Dorrestein is an expert in metabolomics, the study of that chemical environment. While Knight’s team sequenced the microbial DNA collected from the samples to map which species were found where, Dorrestein’s team used a lab technique known as mass spectrometry to determine the molecular structures of all of the non-living molecules — chemicals, metabolites, food particles, everything — contained in the same samples. They detected 7,425 different structures, of which they were able to identify 100 based on known reference structures in Dorrestein’s GNPS database, a crowdsourced mass spectrometry data repository and annotation website.
The results were not exactly what the team expected. Knight’s team found that while the microbial species living in the fermented foods and indoor surfaces loosely clustered together, neither sample source had much overlap with the microbial species living in the human samples. However, thanks likely to their higher-than-average consumption of fermented foods, the fermenters did have more species diversity in their gut microbiomes than the average American Gut Project participant.
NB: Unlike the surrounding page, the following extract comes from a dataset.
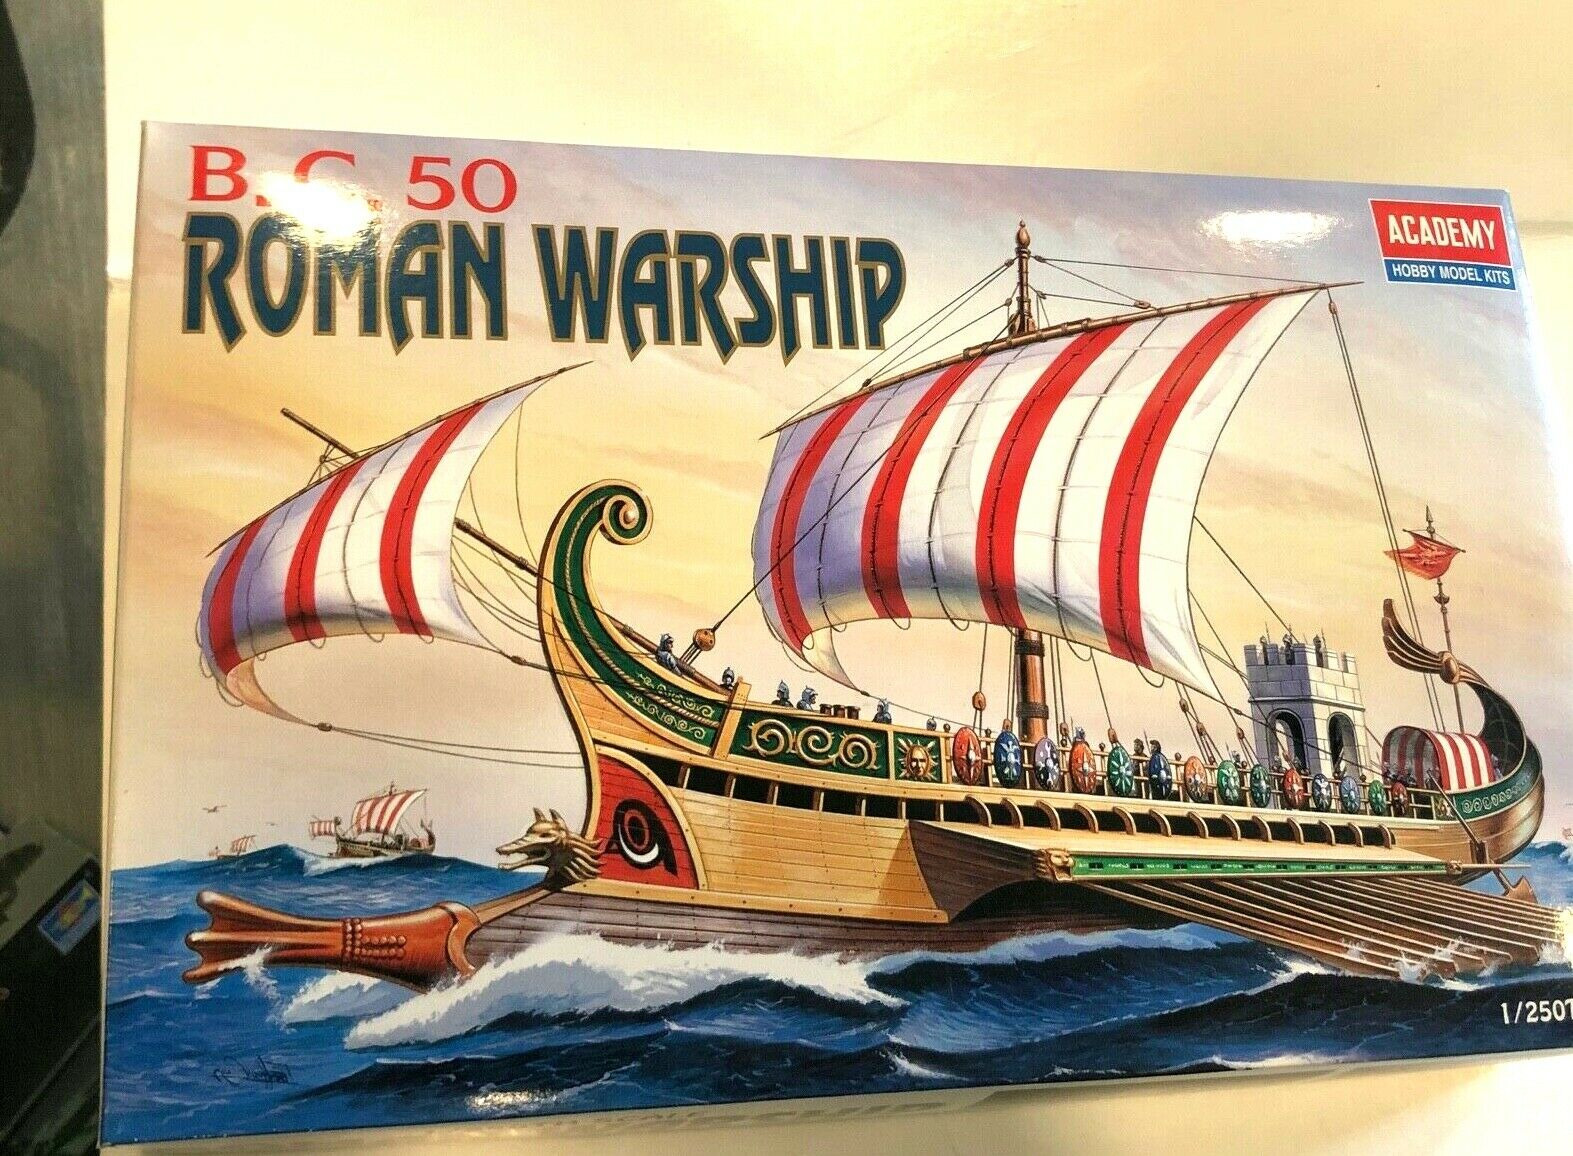 1985 Academy B.c. 50 Roman Warship, 1:250, Kit 1401, New In The Box

Meanwhile, Dorrestein’s team found fermented food molecules in the paired human and environmental samples. In other words, these foods influenced the chemical environments of the people consuming them. Most of the molecules they identified were plant natural products associated with fermented foods, such as flavonoids, lipids and plant sterols. These molecules were found on the skin and stool of people consuming them, some were metabolized and altered through digestion, possibly by the microbiome, and others remained intact. They also found other, non-plant-related molecules, such as cholesterol and avobenzone, an active ingredient in sunscreen.
More importantly, the team got these results in record time — and in time to present at the festival. They also submitted this paper for publication the same day.
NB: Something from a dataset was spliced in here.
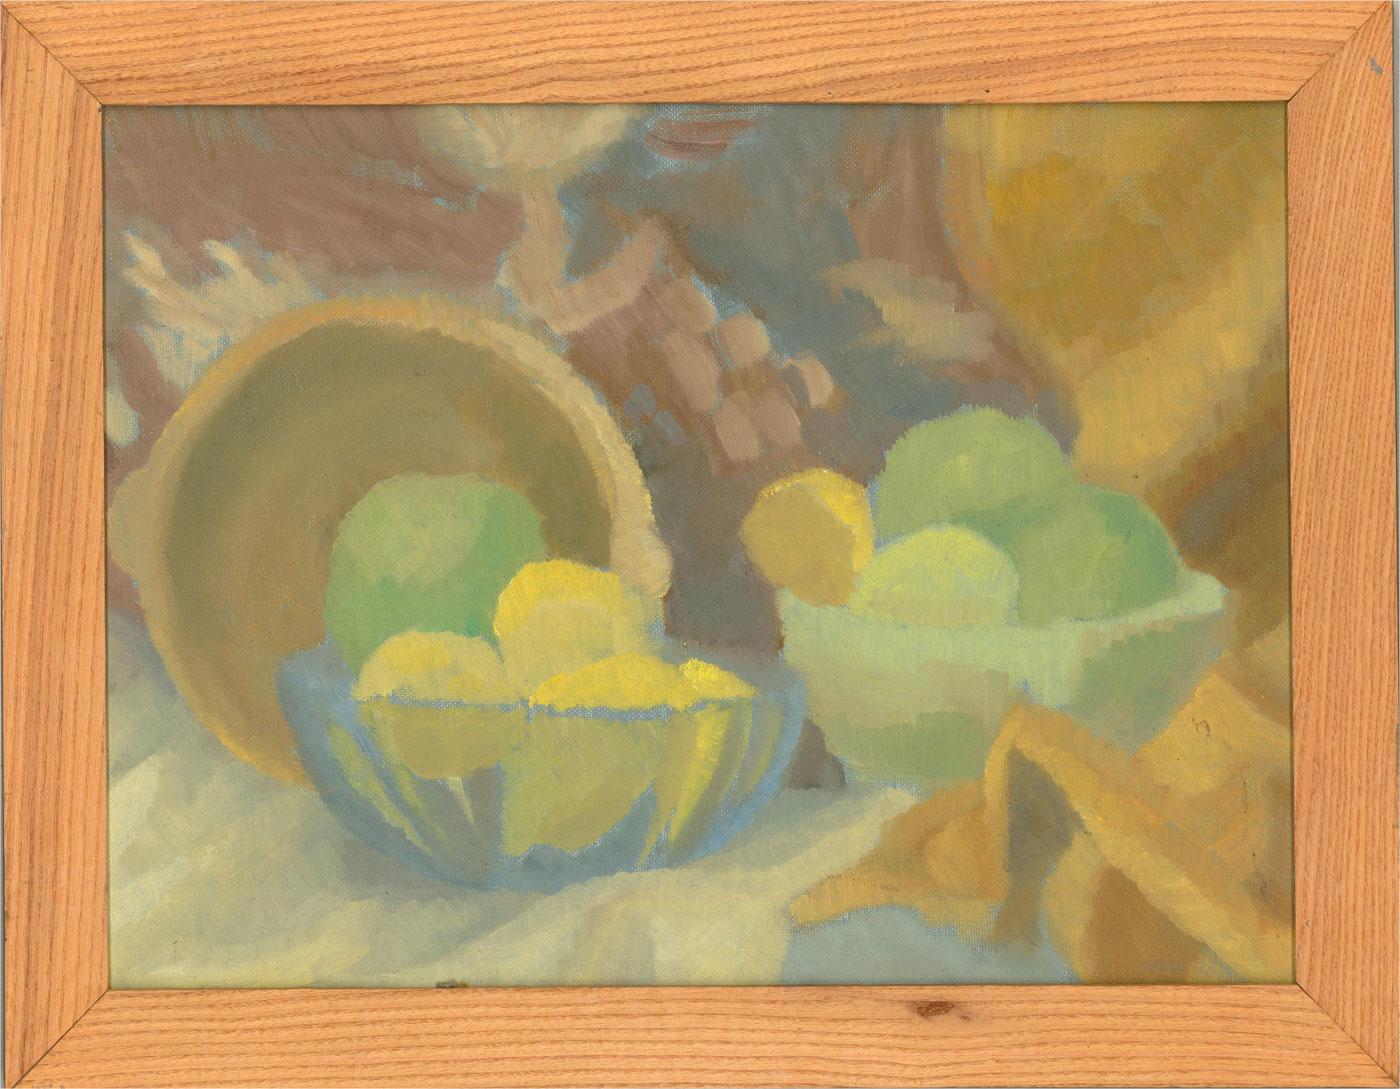 Unknown Still-Life Painting - Mary Willett - 1993 Oil, Still Life with Lemons

“The sample size in this case study was relatively small and these fermenters didn’t need rapid data analysis, as would be required in a medical emergency or environmental or industrial crisis,” said co-first author Robert A. Quinn, PhD, assistant project scientist in the Center for Microbiome Innovation and Skaggs School of Pharmacy and Pharmaceutical Sciences, “but we showed here that we can obtain consent, collect samples and generate microbiome and metabolome data from people located up to 100 miles away from our lab, all in two days — the typical amount of time it takes for classic microbiological culturing of common pathogens, which pathologists currently use to diagnose infections.”
Study co-authors also include Jose A. Navas-Molina, Embriette R. Hyde, Se Jin Song, Yoshiki Vázquez-Baeza, Greg Humphrey, James Gaffney, Jeremiah Minich, Alexey V. Melnik, Jacob Herschend, Jeff Dereus, Rachel Dutton, Mahdieh Khosroheidari, Clifford Green, Ricardo Silva, UC San Diego; and Austin Durant, Fermenters Club of San Diego.
This research was funded, in part, by the National Science Foundation (grants ACI-1053575 and 1341698) and the Sloan Foundation (grant G-2015-13933).